O texto está fabuloso, fez-me levar a sentir tudo o que sentiste, até me arrepiei com os relâmpagos, a viagem de barco, as roupas encharcadas e coladas ao corpo, as poças de águas que chegam até aos joelhos... Que descrição, Leonor!
Agora, aproveita bem o fim de semana, descansa bem, aprecie bem o conforto da residencia ou então passeia num veiculo por entre os campos, desde que não te molhes! ;-)
Muitos beijinhos!

5:28 PM  
Blogger Leticia Gabian said...

Por aqui o tempo é pior do que no inverno propriamente dito. Imaginei o frio nos seus pés indo aos ossos.
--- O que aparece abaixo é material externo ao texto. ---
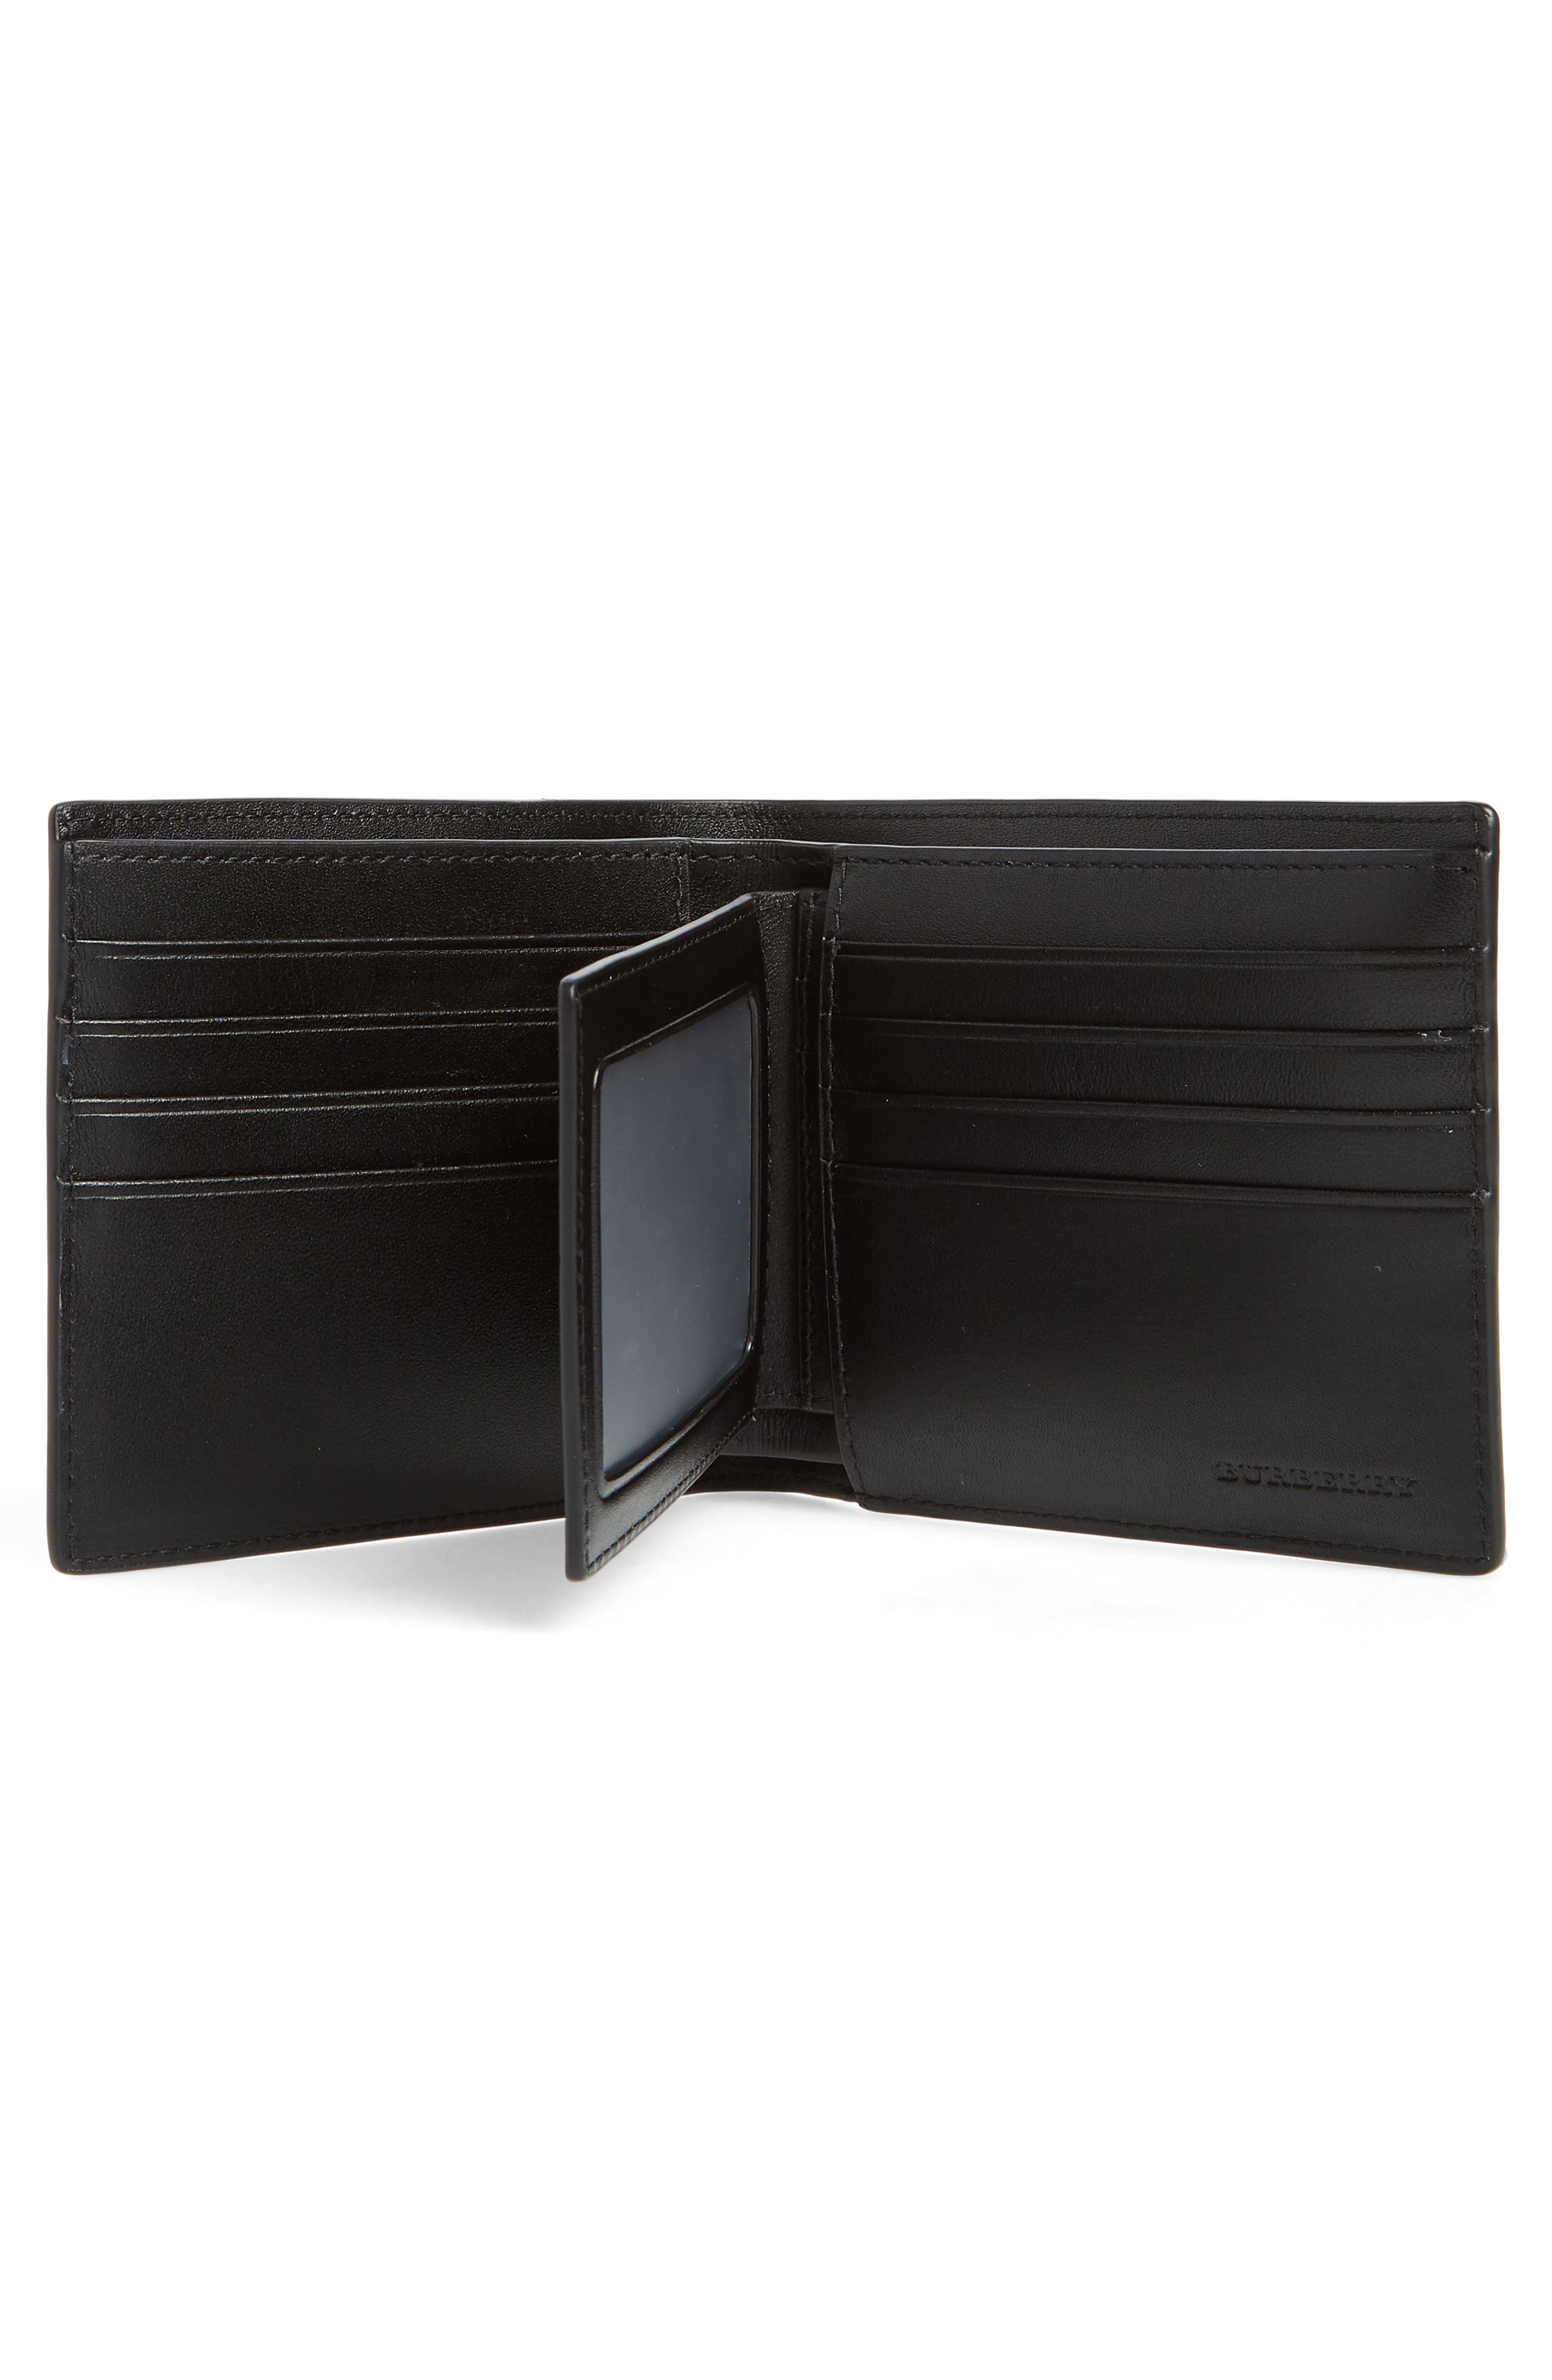 Ronan Check Billfold Wallet,                             Alternate thumbnail 2, color,                             Navy/ Black

Tadinha. Era mesmo capaz de ver sardinhas voadoras.
Beijão pra ti, querida.

5:31 PM  
Blogger Mocho Falante said...

e pronto lá vem a velha máxima do portuga ser bom no desenrasca!!!! Mas para quando é que vamos ter competentes e seres pensantes

Beijocas

Ps: Espero não teres herdado uma gripe

6:18 PM  
Blogger Pitanga Doce said...

Olha, eu já fiquei presa no sub-solo da estação do metro, e a água a descer pelas escadas a baixo e o dia se fazendo noite. Digno de um filme de terror. Coisas de cidade grande.

beijinhos

7:25 PM  
Anonymous Anonymous said...

Bom dia Leonoretta

Muito mais interessante do que saber o que diria o Cesário Verde, já que hoje isso seria uma abstracção, é ler-te na tua divina capacidade de relacionar os factos mais desgarrados da vida.

Sempre defendi que na vida, tudo se relaciona. Poucas pessoas tenho encontrado com a capacidade de o demonstrar como tu. Fantástico!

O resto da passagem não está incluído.